■ Dataset items ■

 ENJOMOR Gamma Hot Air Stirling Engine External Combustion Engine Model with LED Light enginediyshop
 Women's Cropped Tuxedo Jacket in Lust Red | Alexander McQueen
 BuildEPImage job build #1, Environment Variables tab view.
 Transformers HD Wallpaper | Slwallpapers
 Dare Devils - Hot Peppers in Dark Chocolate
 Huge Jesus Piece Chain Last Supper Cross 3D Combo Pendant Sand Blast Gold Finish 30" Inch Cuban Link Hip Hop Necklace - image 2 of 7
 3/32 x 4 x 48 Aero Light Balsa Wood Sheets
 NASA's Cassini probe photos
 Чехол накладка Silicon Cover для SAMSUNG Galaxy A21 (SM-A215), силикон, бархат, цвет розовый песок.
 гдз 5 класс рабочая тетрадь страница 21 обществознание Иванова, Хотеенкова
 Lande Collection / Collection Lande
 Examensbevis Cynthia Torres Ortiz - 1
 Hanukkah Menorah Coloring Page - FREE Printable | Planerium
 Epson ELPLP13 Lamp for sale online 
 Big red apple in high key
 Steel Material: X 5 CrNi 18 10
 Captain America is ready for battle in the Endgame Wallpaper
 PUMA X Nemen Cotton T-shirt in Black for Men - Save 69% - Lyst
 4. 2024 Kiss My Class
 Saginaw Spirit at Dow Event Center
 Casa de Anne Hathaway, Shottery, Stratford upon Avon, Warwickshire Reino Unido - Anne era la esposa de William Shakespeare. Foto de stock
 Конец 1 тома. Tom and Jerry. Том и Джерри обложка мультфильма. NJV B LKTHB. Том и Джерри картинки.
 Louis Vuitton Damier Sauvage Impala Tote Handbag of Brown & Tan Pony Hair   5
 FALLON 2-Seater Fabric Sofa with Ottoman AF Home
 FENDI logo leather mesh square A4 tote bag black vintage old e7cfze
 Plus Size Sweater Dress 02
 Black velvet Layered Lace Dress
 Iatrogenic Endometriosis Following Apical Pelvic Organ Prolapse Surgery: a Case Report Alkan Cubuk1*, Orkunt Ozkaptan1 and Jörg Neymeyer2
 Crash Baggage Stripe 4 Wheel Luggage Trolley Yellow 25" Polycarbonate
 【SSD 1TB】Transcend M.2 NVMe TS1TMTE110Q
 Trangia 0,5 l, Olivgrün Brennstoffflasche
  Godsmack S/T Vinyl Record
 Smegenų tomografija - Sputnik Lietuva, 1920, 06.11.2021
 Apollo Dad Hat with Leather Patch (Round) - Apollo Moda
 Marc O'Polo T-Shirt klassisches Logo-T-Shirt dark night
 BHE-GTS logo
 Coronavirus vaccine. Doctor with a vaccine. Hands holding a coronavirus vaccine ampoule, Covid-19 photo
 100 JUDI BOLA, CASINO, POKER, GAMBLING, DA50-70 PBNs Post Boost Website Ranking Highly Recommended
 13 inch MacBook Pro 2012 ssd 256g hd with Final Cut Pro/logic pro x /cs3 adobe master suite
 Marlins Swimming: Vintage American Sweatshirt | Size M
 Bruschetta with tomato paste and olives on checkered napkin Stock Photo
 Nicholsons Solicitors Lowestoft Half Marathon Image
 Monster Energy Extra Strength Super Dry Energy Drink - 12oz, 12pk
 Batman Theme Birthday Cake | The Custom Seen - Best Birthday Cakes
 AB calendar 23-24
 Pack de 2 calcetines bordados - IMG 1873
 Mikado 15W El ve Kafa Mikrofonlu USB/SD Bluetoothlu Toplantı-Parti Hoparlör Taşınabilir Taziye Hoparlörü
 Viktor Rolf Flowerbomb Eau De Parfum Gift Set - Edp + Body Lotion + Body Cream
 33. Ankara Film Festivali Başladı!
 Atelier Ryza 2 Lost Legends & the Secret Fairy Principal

■ Work to be completed ■
An exact, complete copy of the lines above from the one with "гдз 5 класс" through the one with "Captain America is" is the whole answer.

■ Task output ■
 гдз 5 класс рабочая тетрадь страница 21 обществознание Иванова, Хотеенкова
 Lande Collection / Collection Lande
 Examensbevis Cynthia Torres Ortiz - 1
 Hanukkah Menorah Coloring Page - FREE Printable | Planerium
 Epson ELPLP13 Lamp for sale online 
 Big red apple in high key
 Steel Material: X 5 CrNi 18 10
 Captain America is ready for battle in the Endgame Wallpaper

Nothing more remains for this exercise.